Think Again: How to Spot Bias, Break Patterns, and Make Smarter Decisions

Cognitive bias distorts even the smartest decisions—unless you actively guard against it. These four strategies will help you slow down your thinking, challenge assumptions, and consistently make clearer, more objective calls.

Strategy #1:
Slow the Decision to Speed the Outcome

Cognitive bias thrives on autopilot thinking—fast, instinctive, and emotionally charged. One of the most effective ways to reduce bias is to build in a pause before major decisions. According to a study published in Harvard Business Review, teams that add even a 10-minute structured reflection step reduce biased decisions by up to 26%. Slowing down doesn’t mean being indecisive—it means being deliberate. Ask: What’s really influencing this choice?

Strategy #2:
Build a Bias Check into Your Process

Create a repeatable “bias check” before committing to key decisions. Ask:

Are we anchoring to initial data or impressions?
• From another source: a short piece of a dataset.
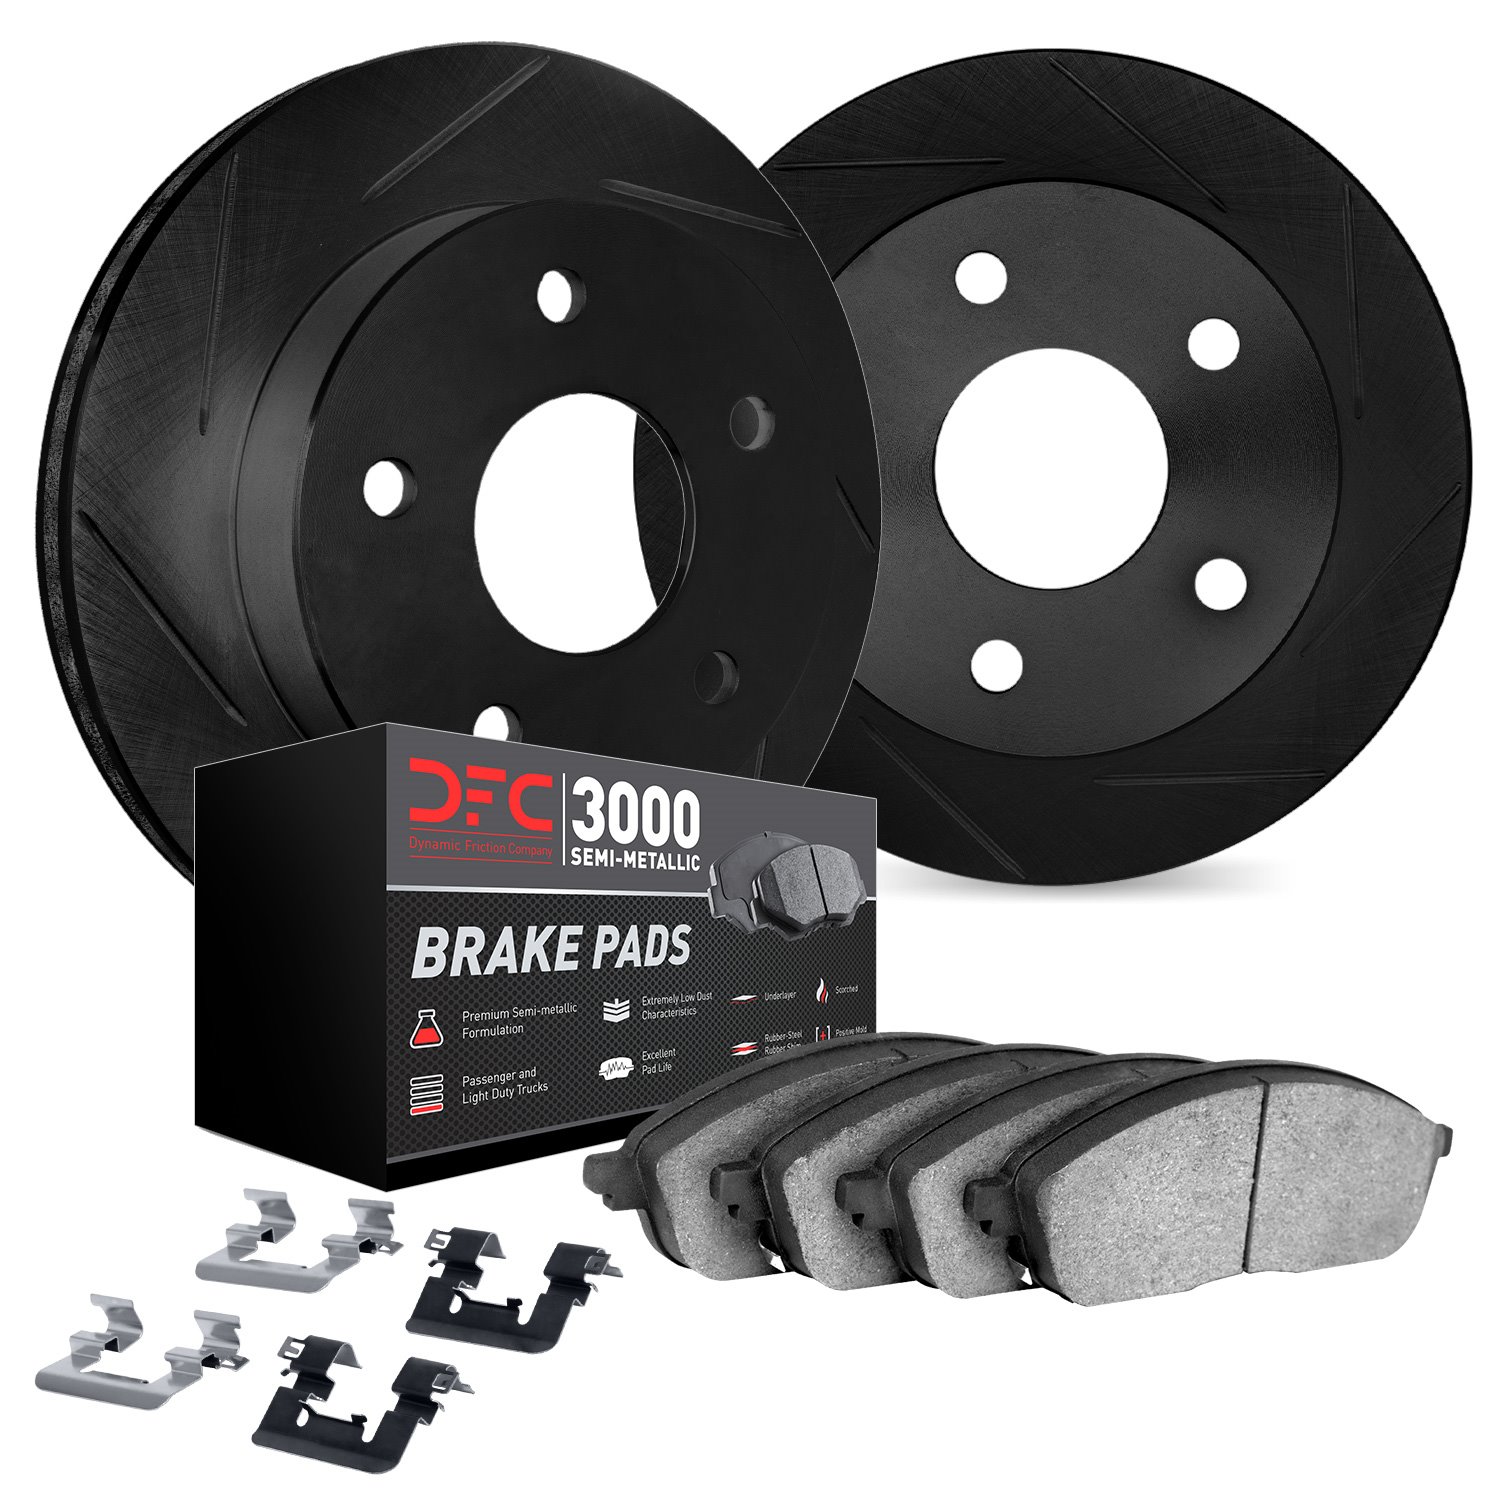 3112-31081 Slotted Brake Rotors with 3000-Series Semi-Metallic Brake Pads Kit & Hardware [Black], 2007-2019 BMW, Position: Rear

Are we ignoring inconvenient evidence?

Have we gathered perspectives beyond our own?

Bridgewater Associates (Ray Dalio’s firm) built this into their culture by requiring disagreement and counterarguments before big calls. It’s not personal—it’s procedural. As Dalio says,

“Radical open-mindedness and radical transparency are invaluable for rapid learning and effective change.”

Strategy #3:
Add Dissent by Design

One of the most effective ways to combat bias is to engineer dissent into decision-making. Appoint someone to play devil’s advocate. Bring in an outside perspective. Challenge your team to disprove their own ideas. Amazon uses this intentionally through its “disagree and commit” principle—encouraging pushback in discussion, but unified execution once a decision is made. When people feel safe to challenge the norm, the quality of thinking improves.

Strategy #4:
Keep Score Over Time

Bias isn’t always obvious in the moment—but it becomes clear in patterns. Track your key decisions and revisit them later. What worked? What didn’t? What assumptions proved wrong? This feedback loop builds decision intelligence. As psychologist Daniel Kahneman said,

“True intuitive expertise is learned from prolonged experience with good feedback.”

The smartest leaders study their past choices to sharpen their future ones.

Three Takeaways

  1. Pause before you decide. Bias thrives in speed—clarity comes with reflection.

  2. Challenge your default. Use structured bias checks to disrupt flawed thinking.

  3. Invite the counterview. Diverse perspectives improve the quality of every decision.

Your Mission

This week, apply a bias check to one key decision. Pause and list the assumptions behind your choice. Seek out one dissenting opinion or alternative view. Then revisit that decision a week later to assess the result. Bias fades when you bring it into the light—and better decisions follow.

AI Tip: Red Team Prompt

Use AI to run a fast “bias check” before you commit. Paste in your decision, your reasoning, and the evidence you’re relying on. Then ask AI to identify likely biases at play, generate the strongest counterargument, and list what data would actually change your mind. Finally, have it propose a simple test you can run this week to validate your assumptions. AI won’t eliminate bias, but it can force the questions most people skip when they’re moving fast, defending ego, or anchoring to first impressions. The goal is not more opinions. It’s cleaner thinking before execution.